Bhupati, qui pourrait très bien se permettre de ne pas travailler, se voue corps et âme à la direction d'un journal politique, délaissant sa femme, qui traîne son désoeuvrement dans le gynécée de leur maison - vu leur rang social, la plupart des tâches ménagères incombent aux domestiques, et chârulatâ, en tant que femme indienne riche, n'a jamais été préparée à imaginer des projets personnels, et encore moins professionnels. Cela, Tagore ne le dit pas expressément, pas plus qu'il n'insiste sur le fait que le mariage a été arrangé, le lecteur indien ayant déjà toutes les données en mains, un peu comme Edith Wharton ne précise pas ce qui se fait ou ce qui ne se fait pas dans la bonne société de Chez les heureux du monde.

chârulatâ, donc, s'étiole, jusqu'à ce que l'installation d'un cousin de Bhupati, Amal, à peu près du même âge qu'elle, et avec qui elle va pouvoir partager plusieurs centres d'intérêt, dont, essentiellement, la littérature, ainsi qu'inventer des plans plus ou moins réalisables. chârulatâ devient une sorte de muse pour Amal, qui écrit de plus en plus, de mieux en mieux, jusqu'à être publié et devenir connu. Or, tant qu'Amal écrit juste pour elle et lui, leur relation reste privilégiée et comble le grand vide qui habitait jusque-là la jeune femme. Elle se sent trahie parce qu'Amal ne porte pas le même intérêt qu'elle à leurs activités littéraires, autrement dit, à leur relation. Et puisqu'Amal, qui aime assez se faire dorloter et aduler, commence également à lire ses textes à une belle-soeur qui vit avec eux, pourtant peu férue de littérature, chârulatâ va se comporter de façon mesquine et laisser libre cours à toute sa jalousie et à un sentiment de possessivité à l'égard d'Amal qui le fera fuir, la première proposition de mariage arrangé servant de prétexte.

En perdant Amal et leurs échanges littéraires, elle perd tout ce qui faisait l'intérêt de sa vie et bascule dans un état de profonde tristesse, s'étiole à nouveau et encore plus profondément, sans bien comprendre ce qui lui arrive. Et sans voir que son mari, Bhupati, s'est fait flouer et a perdu son journal, et erre lui aussi maintenant sans but, cherchant à revenir vers elle.
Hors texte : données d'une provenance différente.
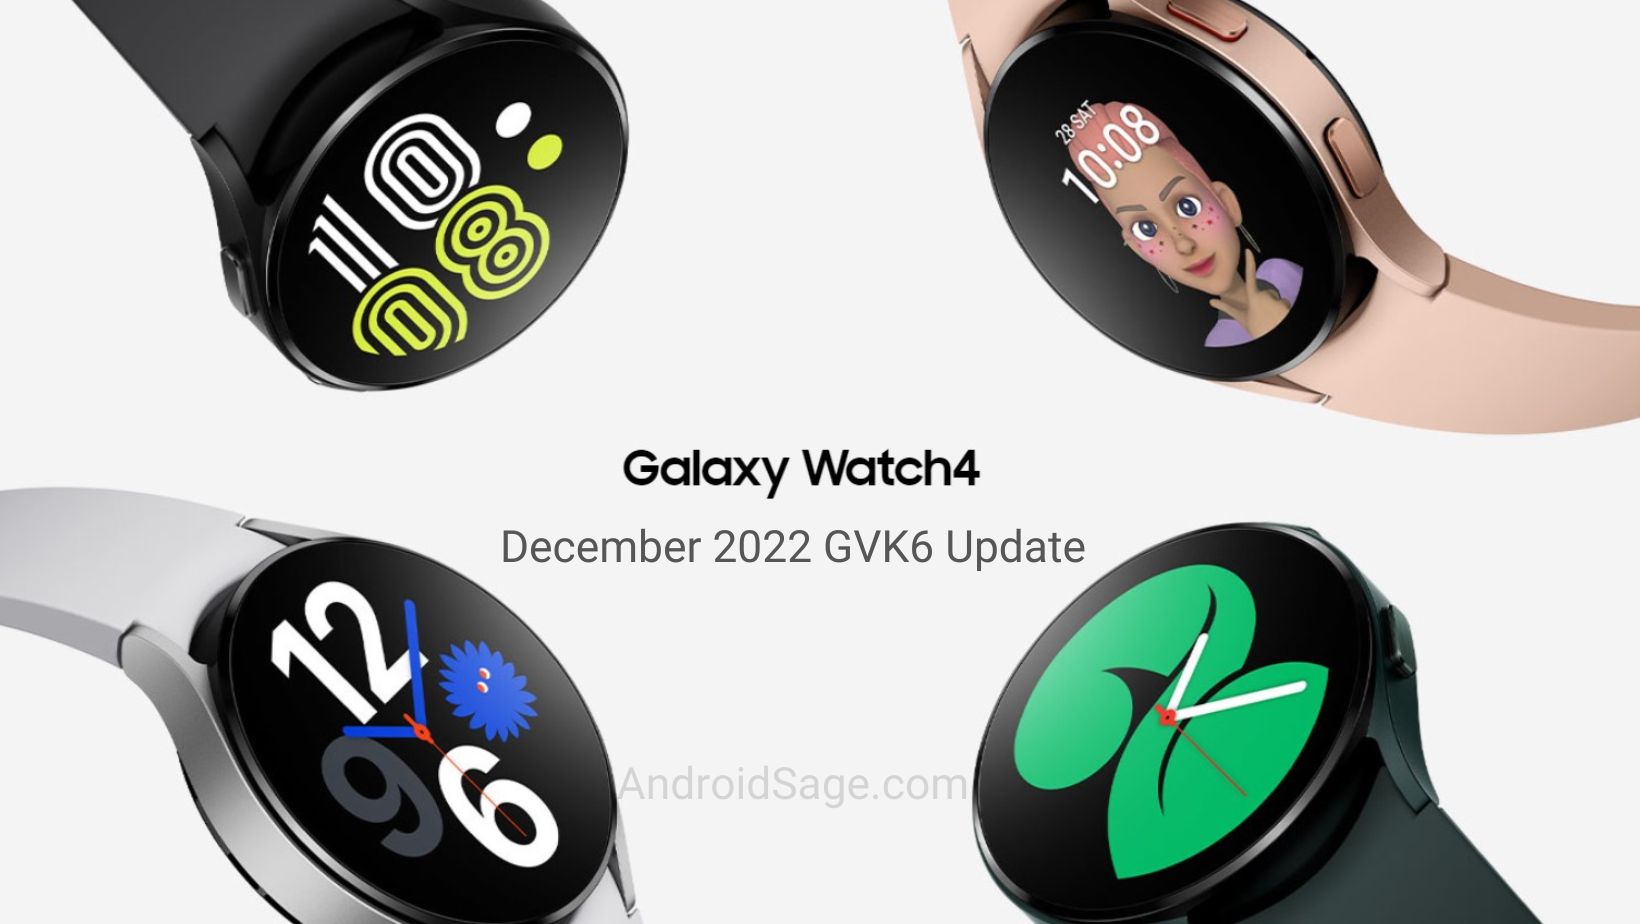 Samsung Galaxy Watch 4 December 2022 Update GVK6
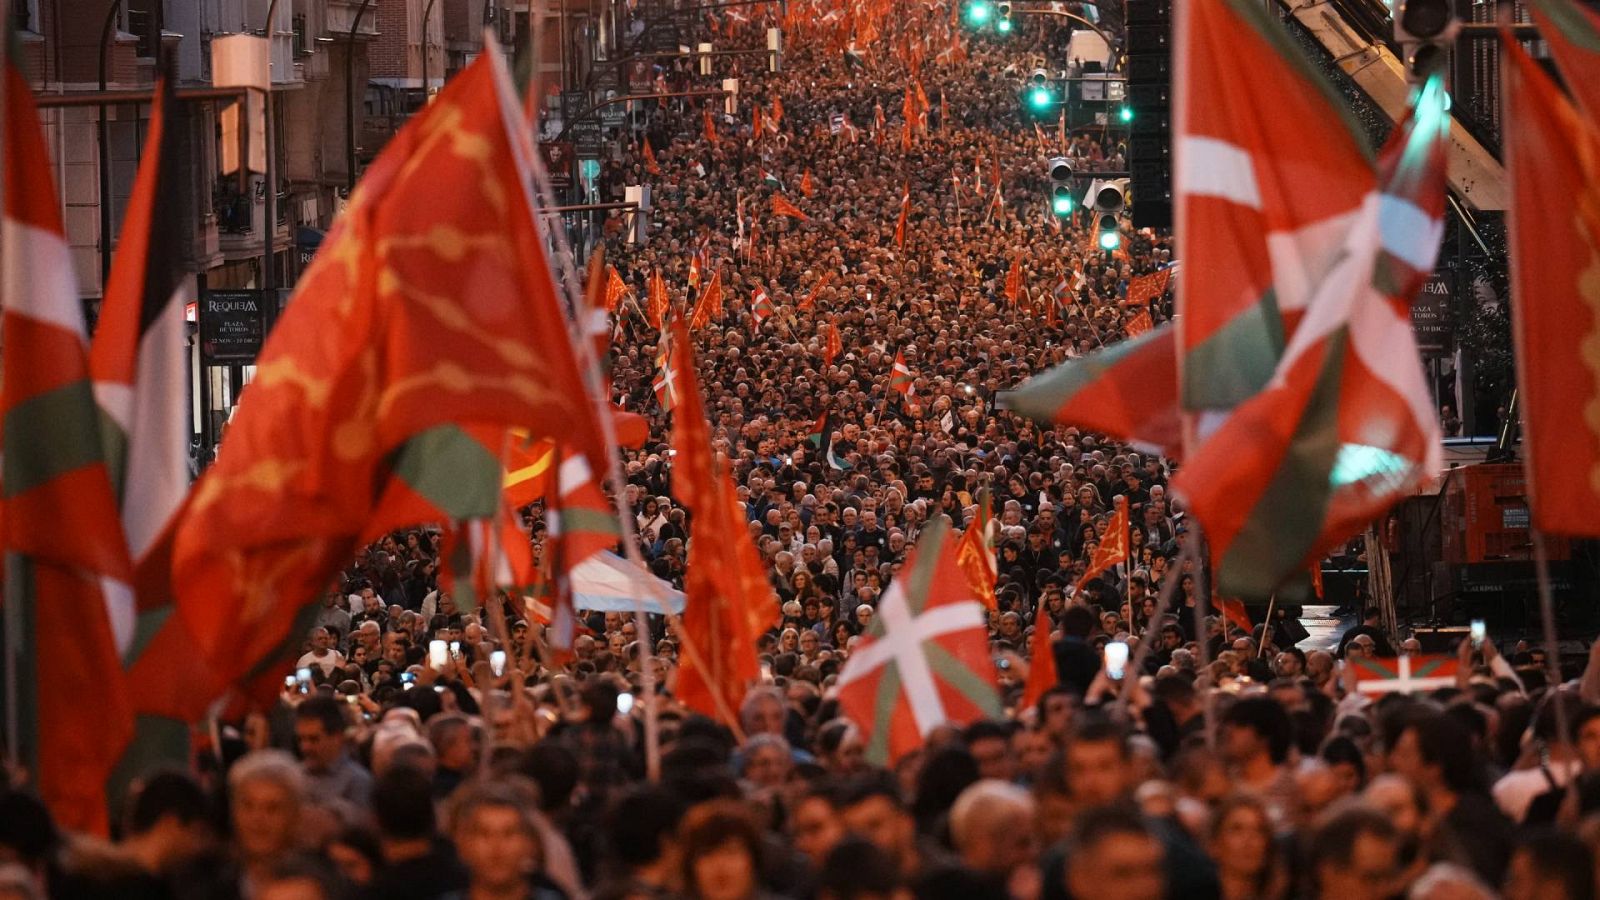 Miles de personas se manifiestan en Bilbao bajo el lema "Somos una nación" para abrir el debate territorial al País Vasco

C'est là que se trouve le coeur de l'histoire, celle de chârulatâ et Bhupati. Ils ne se connaissent pas, ils n'ont jamais vraiment vécu ensemble, ils sont incapables de se trouver et de remplir ensemble le vide qui les ronge. Tagore décline subtilement leurs maladresses, leurs incompréhensions, leurs manques et leurs chagrins, chagrins qu'ils sont incapables de partager. C'est un drame psychologique, celui de chârulatâ, surtout, mais aussi celui de Bhupati. C'est le drame d'un couple dans son intimité, sur la solitude à deux et sur l'impossibilité de communiquer. C'est aussi un constat amer sur le mariage en Inde et la condition des femmes, qui n'ont alors guère d'échappatoire à la vie que la société leur impose, quand bien même elles sont de classe sociale aisée.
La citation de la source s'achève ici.